3 3rd Tutorial

Exercise 3.1 Appendix C in the textbook gives data related to the number of tractors in 30 serially numbered villages of Doraha development block in Punjab (India). Select (1) WR and (2) WOR simple random sample of 10 villages using direct approach method.

Village No.	Village name	Tractors	Tube wells	Irrigiated area
1	Ajnaud	20	102	281
2	Aracha	19	126	337
3	Afjullapur	5	31	77
4	Alampur	10	39	108
5	Bishanpur	12	85	191
6	Shahpur	21	130	208
7	Sirthala	44	222	698
8	Sultanpur	12	70	180
9	Sihora	20	219	458
10	Hole	10	115	288
11	Kotli Afgana	11	41	161
12	Katari	30	133	512
13	Kartarpur	15	55	123
14	Katana Sahib	3	50	100
15	Kaddon	36	249	675
16	Gobindpura	24	119	258
17	Gurditpura	17	95	143
18	Gidrhi	15	100	267
19	Ghadani Kalan	76	551	1178
20	Ghadani K.hurd	35	209	523
21	Ghalouti	46	380	583
22	Ghanrash	16	160	310
23	Chankoian Kalan	7	33	129
24	Chankoian K.hurd	21	142	184
25	Chapran	7	64	91
26	Jaipura	22	130	240
27	Jahangir	5	27	80
28	Jandali	21	118	429
29	Jargarhi	38	193	583
30	Jarag	59	360	888

\[\begin{align} &N=30\\ \ &\bar{Y}=\frac{\sum_{i=1}^{N} Y_i}{N}=22.5667\\ \ &\sigma^2 = \frac{\sum_{i=1}^{N}~(Y_i-\bar{Y})^2}{N}=273.3789\\ \ &\sigma=\sqrt{273.3789} = 16.5342 \end{align}\]

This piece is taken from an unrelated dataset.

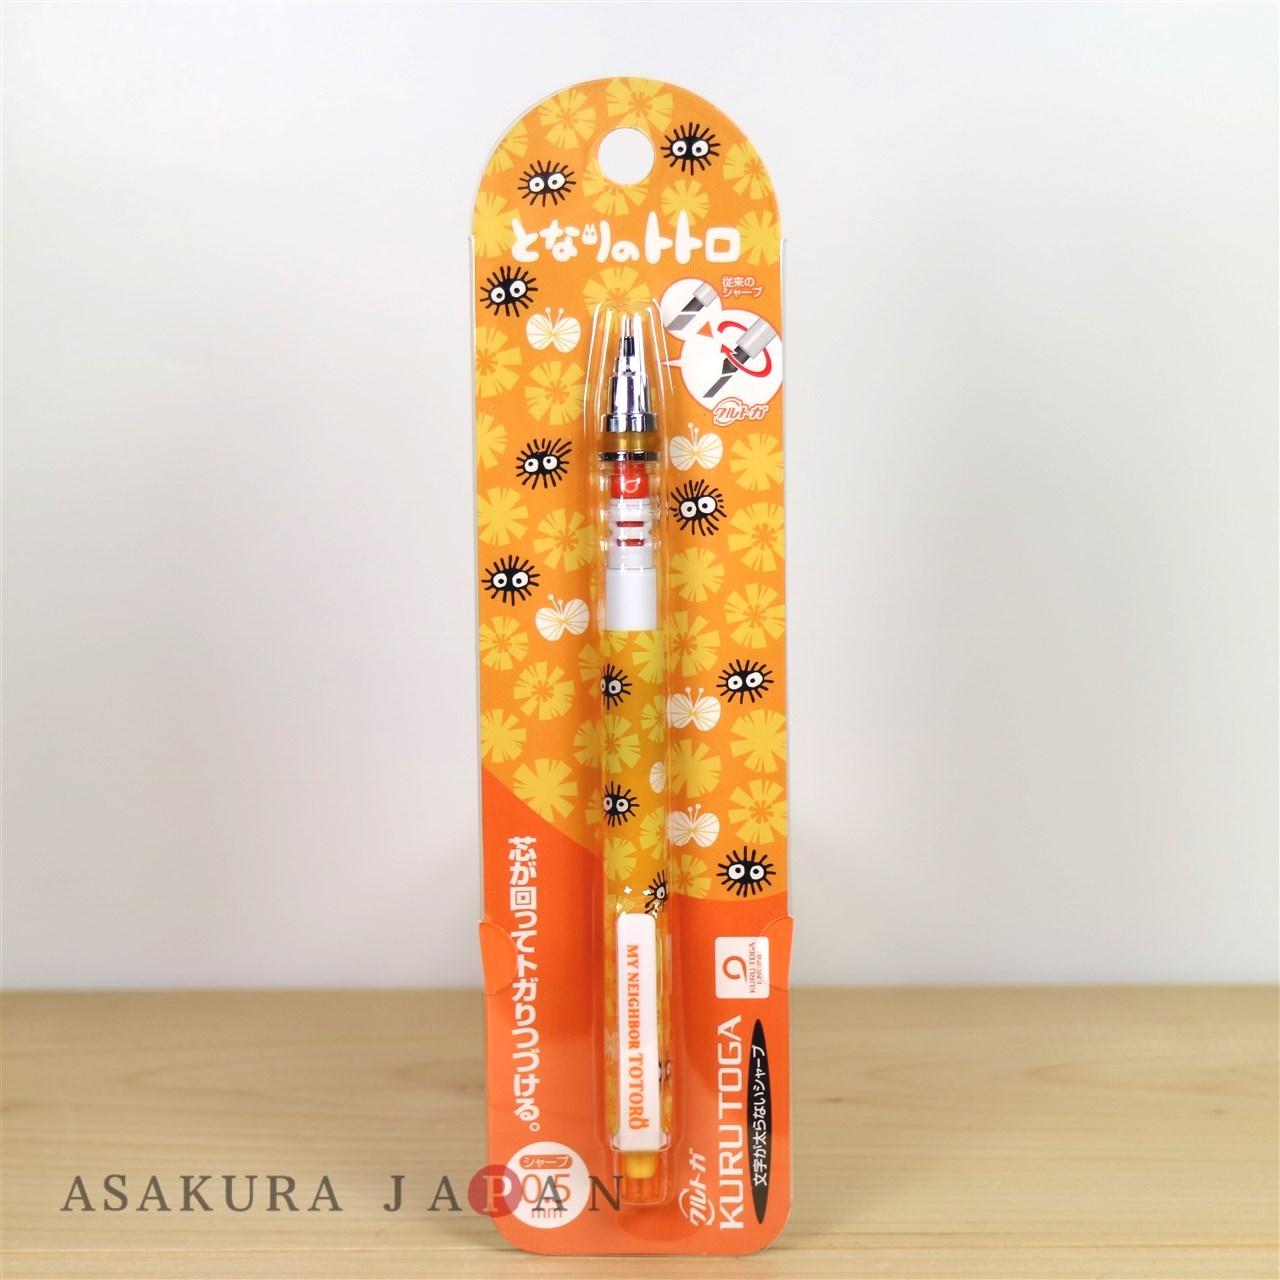 asakura japan com

Here village is the sampling unit. The villages in the population are already serially numbered which, otherwise, is the first step involved in the sample selection. Refer to Appendix B, and use first column by dropping the last two digits of each four-digit number. Then we see that the first random number thus formed is 11. Similarly, the subsequent random numbers are seen to be \(5,26,11, ... ,3\)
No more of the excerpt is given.